[ZBXNEXT-413] Maintenance Period on Trigger/service level Created: 2010 Jun 17  Updated: 2024 Apr 10  Resolved: 2018 Sep 03

Status: Closed
Project: ZABBIX FEATURE REQUESTS
Component/s: API (A), Frontend (F), Server (S)
Affects Version/s: 1.8.2
Fix Version/s: 4.0.0beta1, 4.0 (plan)

Type: New Feature Request Priority: Major
Reporter: Florian Koch Assignee: Andris Zeila
Resolution: Fixed Votes: 140
Labels: flexibility, maintenance
Σ Remaining Estimate: Not Specified Remaining Estimate: Not Specified
Σ Time Spent: Not Specified Time Spent: Not Specified
Σ Original Estimate: Not Specified Original Estimate: Not Specified

Issue Links:
Causes
causes ZBX-14891 Undefined index: show_timeline [jsrpc... Closed
causes ZBX-14954 Invalid psql query crashes Zabbix SQL... Closed
causes ZBX-15124 Trigger overview behavior when using ... Closed
Duplicate
is duplicated by ZBXNEXT-1203 Per trigger maintenance Closed
is duplicated by ZBXNEXT-3603 More nuanced maintenance windows Closed
is duplicated by ZBXNEXT-3304 Maintenance mode and IT Services / SL... Closed
Sub-task
depends on ZBXNEXT-4684 Use shared table locks when processin... Closed
Sub-Tasks:
Key
Summary
Type
Status
Assignee
ZBXNEXT-4572 Frontend: Maintenance Period on Trigg... Specification change (Sub-task) Closed Andrejs Griščenko  
Team: Team A
Team: Team A
Sprint: Sprint 34, Sprint 35, Sprint 36, Sprint 37, Sprint 38, Sprint 39, Sprint 40, Sprint 41
Story Points: 7

 Description   

is it possible to add Maintenance Periods for triggers only ?

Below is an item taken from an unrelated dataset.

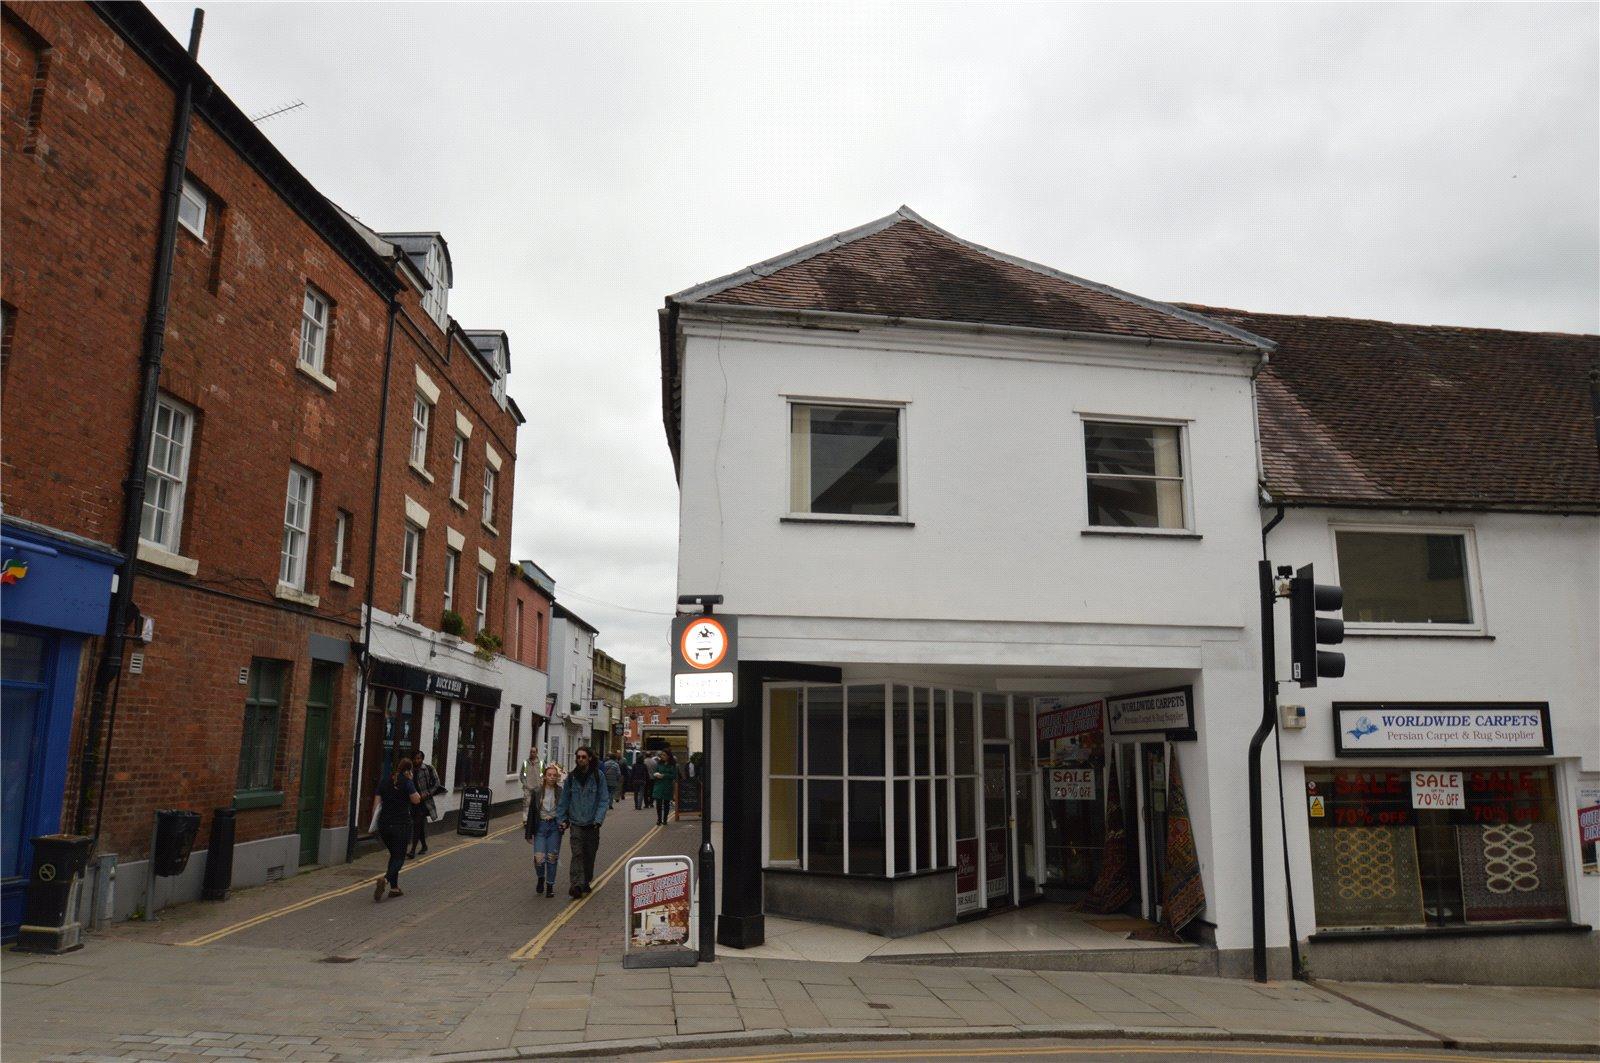 17 Tower Street, Ludlow, Shropshire, SY8

We monitoring hosts with multiple services on each, and if i would shutdown only one, i need to add the complete host to the maintenance. This is bad, because if another service fail, Zabbix won't report this .

So i like to be able to set Maintenance Periods for hosts and/or triggers.

rgds flo



 Comments   
Comment by Benjamin Coles [ 2010 Nov 19 ]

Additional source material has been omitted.